If your landlord wants to end your tenancy agreement but you do not want to, your landlord will have to apply to the Landlord and Tenant Board and this Board will have to order that you are evicted.  

The Residential Tenancies Act, 2006 provides that a landlord is only allowed to end your tenancy in certain situations. For each situation your landlord will have different requirements they must meet and each situation has different times when a landlord can try to evict you. For example, there are different requirements that your landlord must follow if they want to evict you for not paying your rent as compared to the situation when they want to evict you because they want to live in your unit. The Landlord and Tenant Board has a document which outlines all of the potential reasons that a landlord can apply to evict a tenant.

The first step that a landlord must do is to provide you with "Notice" of their intention to evict you. There are many different types of Notice forms. As a tenant who receives a notice you should read this form carefully as they explain important information about what you must do in response to this Notice. In addition, you should make sure that this Notice is accurate. Some of these Notice forms will provide you with a way to remain in your unit if you follow the Notice's instructions. For example, if you are not paying your rent, your landlord may give you a N4 Notice Form and if you pay the amount that you owe, you should be able to remain in your unit, so long as your landlord is not trying to evict you for another reason.
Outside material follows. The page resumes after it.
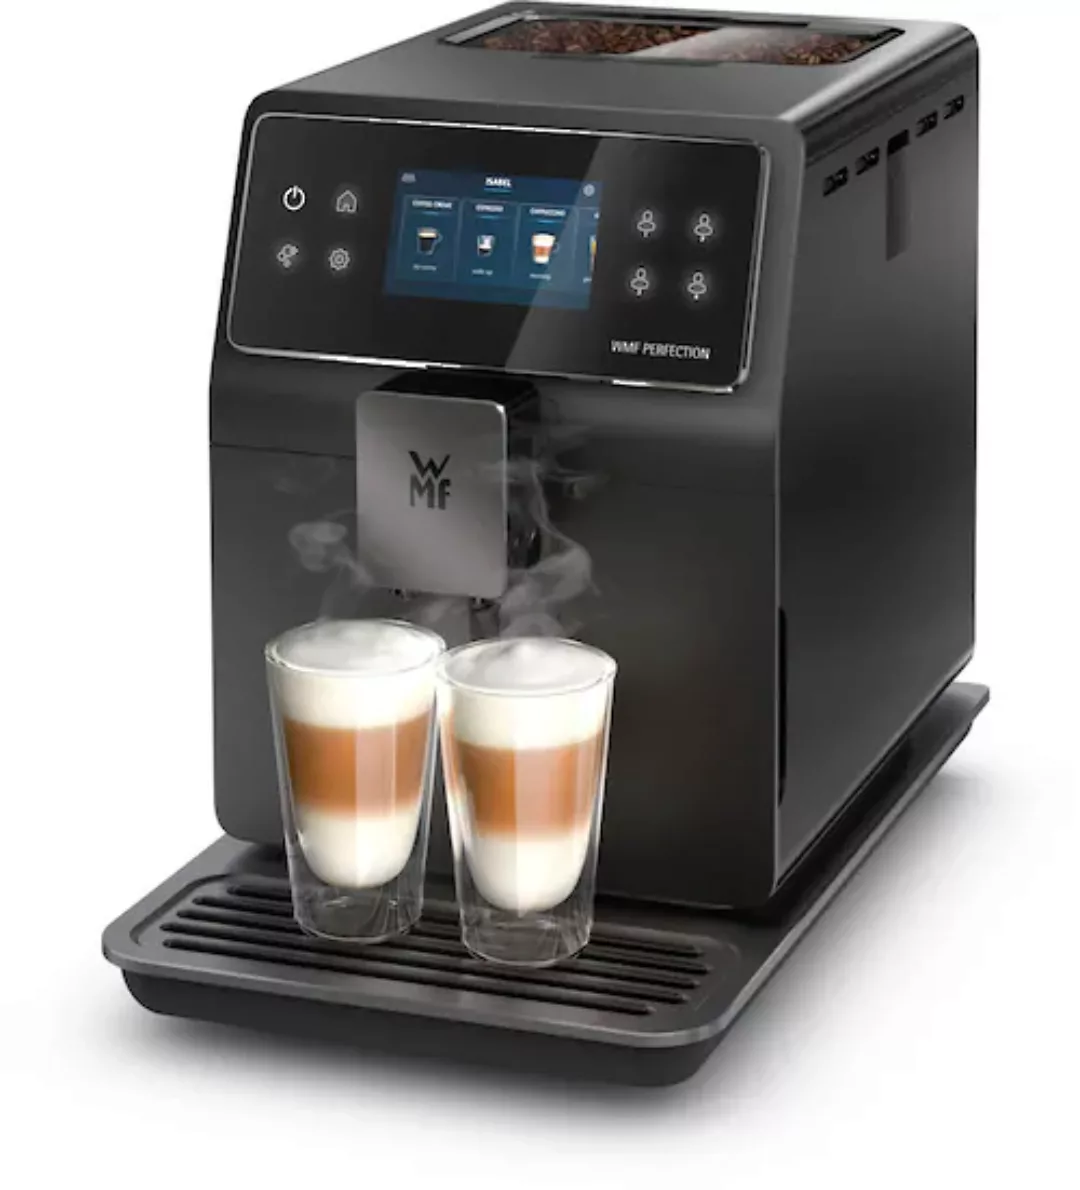 WMF Kaffeevollautomat »Perfection 740 CP820810« günstig online kaufen

If you disagree with the Notice and you do not want to leave your unit on the "Termination Date" provided for in the Notice, your landlord will have to ask the Landlord and Tenant Board for a hearing date to determine the issues that you disagree over and to determine if you should be evicted. Your landlord will give you a copy of the Notice of Hearing which will tell you when the hearing will be held and where it will be held.
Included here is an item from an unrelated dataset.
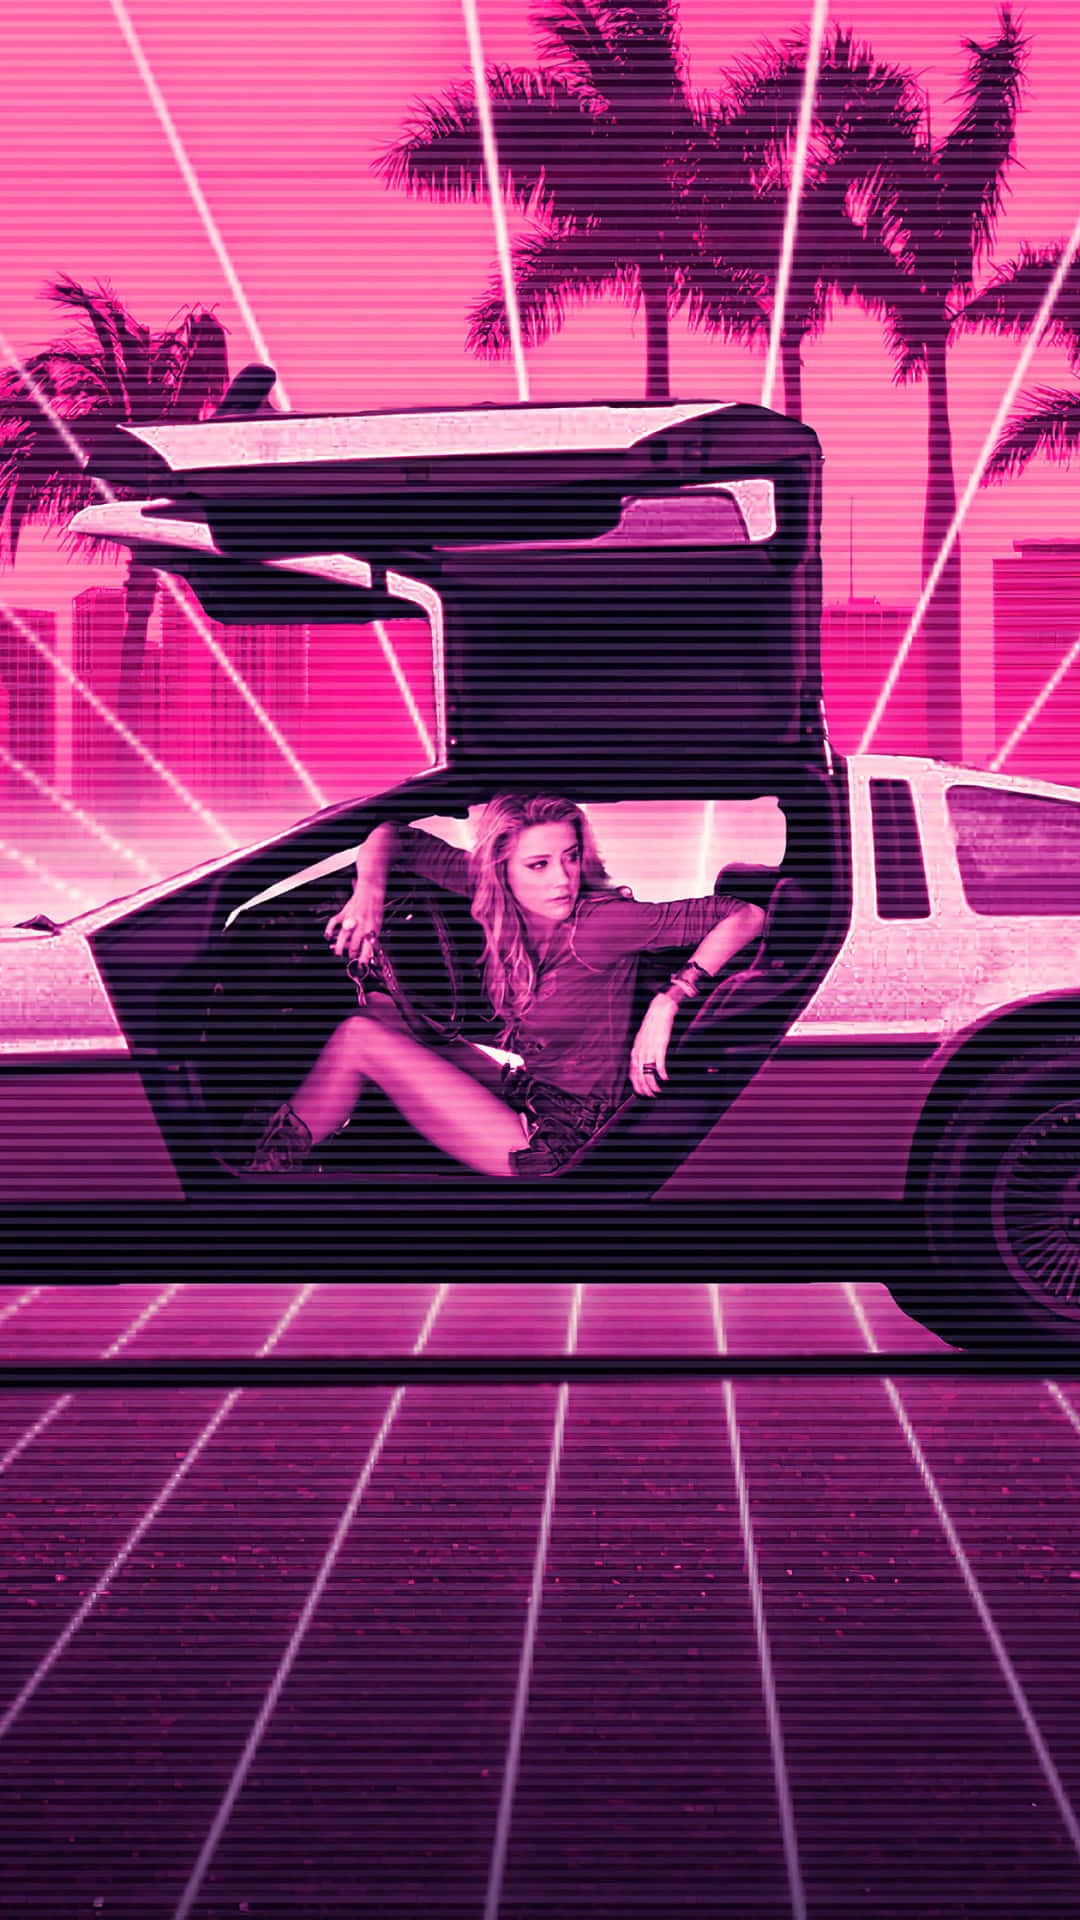 En kvinde sidder i en pink bil med palmer i baggrunden. Wallpaper

On the hearing date, it will be your responsibility to show up and speak to your case. Your landlord will present their case and you will have a chance to respond to them. The Landlord and Tenant Board will then issue an Order which will decide whether or not your eviction should be allowed, refused, or delayed.

If you are ordered to be evicted and you refuse to leave, a Sheriff will then come to your unit to enforce your eviction.

Your eviction process can be confusing and stressful. As a result, you may want to seek legal assistance early on so that you can address, understand, and properly fight your eviction. If you are unable to speak to a lawyer before the date of your eviction most Landlord and Tenant Board offices have a "Tenant Duty Counsel" who you can speak with. This individual is either a lawyer or other legal professional who assists tenants on the date of their hearing but is separate and independent from the Landlord and Tenant Board.

The content of this article is intended to provide a general guide to the subject matter. Specialist advice should be sought about your specific circumstances.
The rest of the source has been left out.